# Infinito tricolore limited edition



## imitsus (Aug 16, 2010)

Any info on that?

I like it

http://www.iltricolore.nl/archives/588

(plus some google search - ebay search)

I would buy it, but I would prefer see through coloured carbon


----------



## kbwh (May 28, 2010)

_Looks_ like a one-off custom job based on the 2010 red color scheme. No black "corner wedges" between the red and white. Upon fine read I see that the entry on the Dutch website is from may 2010.

Looks good, but thy Bianchi shall be Celeste.


----------



## merckxman (Jan 23, 2002)

That was, I believe, a special limited edition in the Netherlands as the Giro started there last year...


----------



## AnkleChop (Mar 16, 2007)

...thy Italian made Bianchi frame shall be Celeste.

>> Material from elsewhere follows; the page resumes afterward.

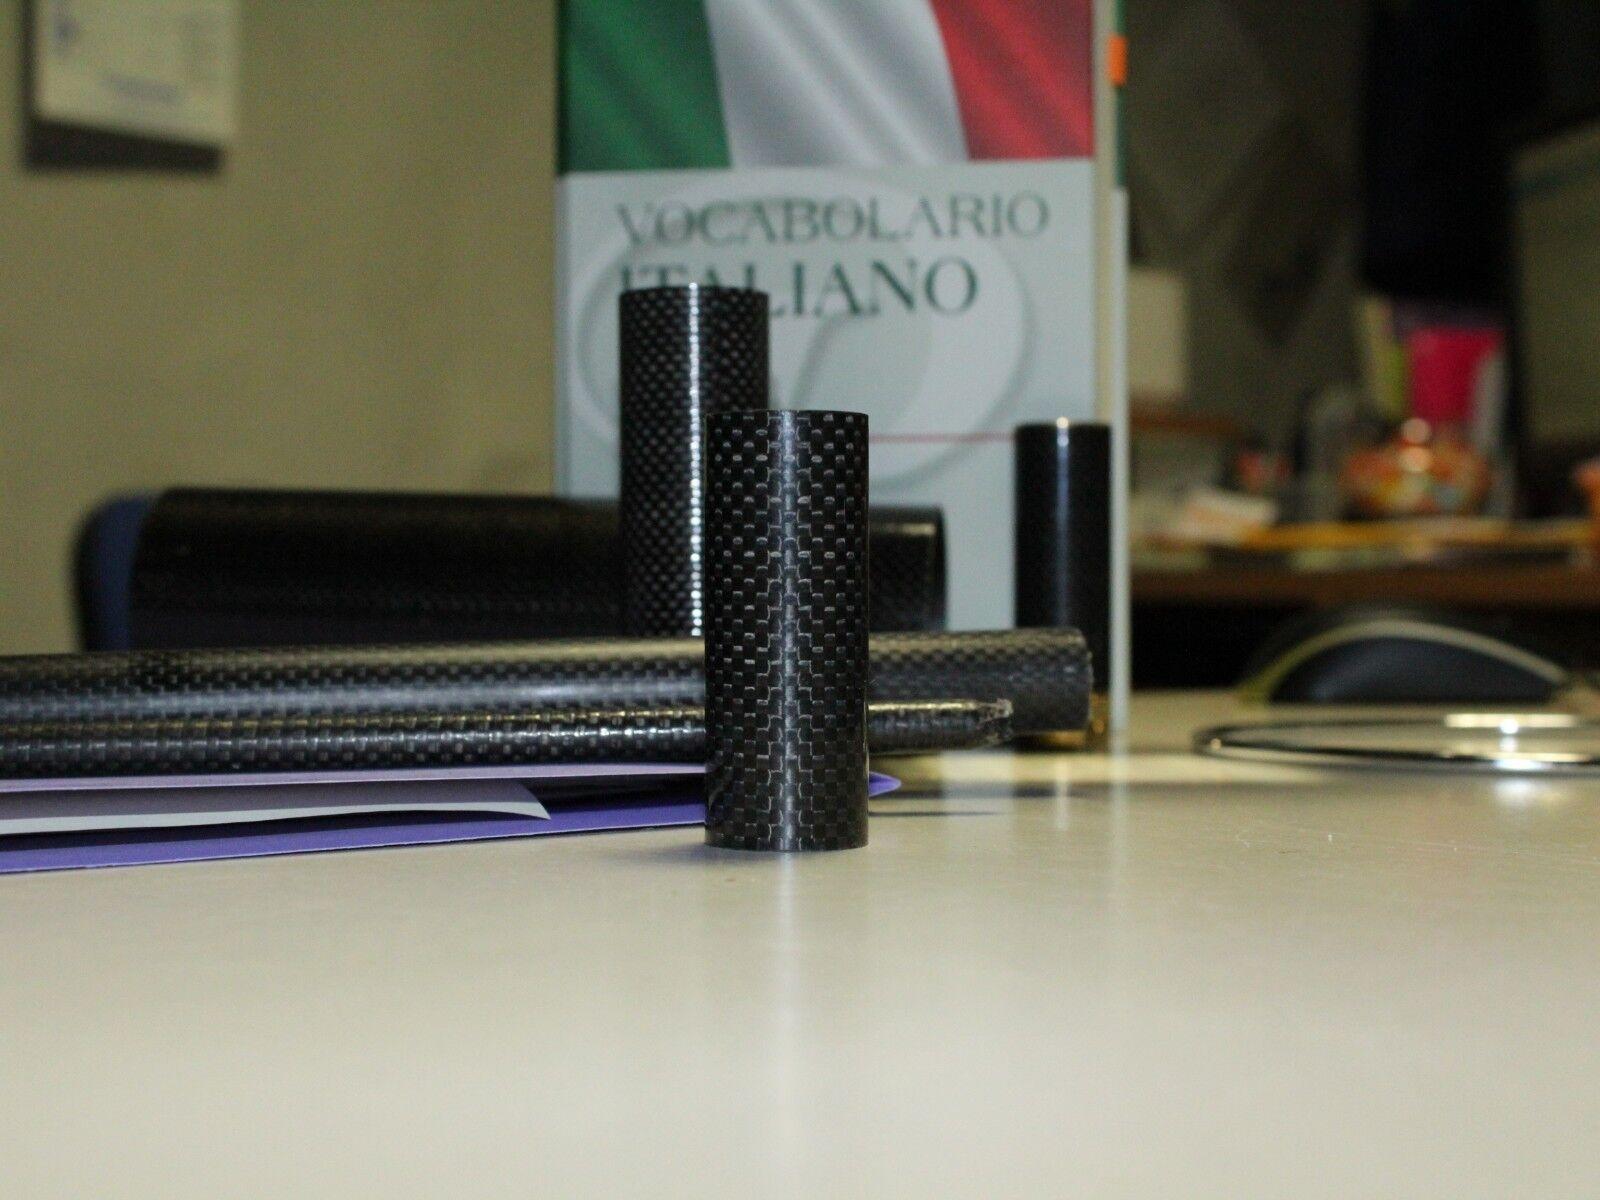 Canotto integrato in fibra di carbonio plain 3k est31.6 lung.650

...thy Taiwanese made Bianchi frame shall be Red.

:thumbsup:


----------



## spade2you (May 12, 2009)

Interesting, but perhaps less than clever/subtle.


----------



## imitsus (Aug 16, 2010)

AnkleChop said:


> ...thy Italian made Bianchi frame shall be Celeste.
> 
> ...thy Taiwanese made Bianchi frame shall be Red.
> 
> :thumbsup:


all are made in taiwan as far as I know. except maybe the titanium frame s9 matta. In my opinion there is no problem as I m sure that the taiwanese bike industry / technology is more advanced than the italian or any other country's. When you have 90% of production in asia, why not?


----------



## AnkleChop (Mar 16, 2007)

imitsus,

I agree 100% - and that is why I have no problem with my red 61cm Bianchi Infinito frame being built in Taiwan. Colnago's are built there too (I was considering a red CLX 2.0)

:thumbsup:

And I must say that the Infinito in the Italian tricolors is GORGEOUS!


----------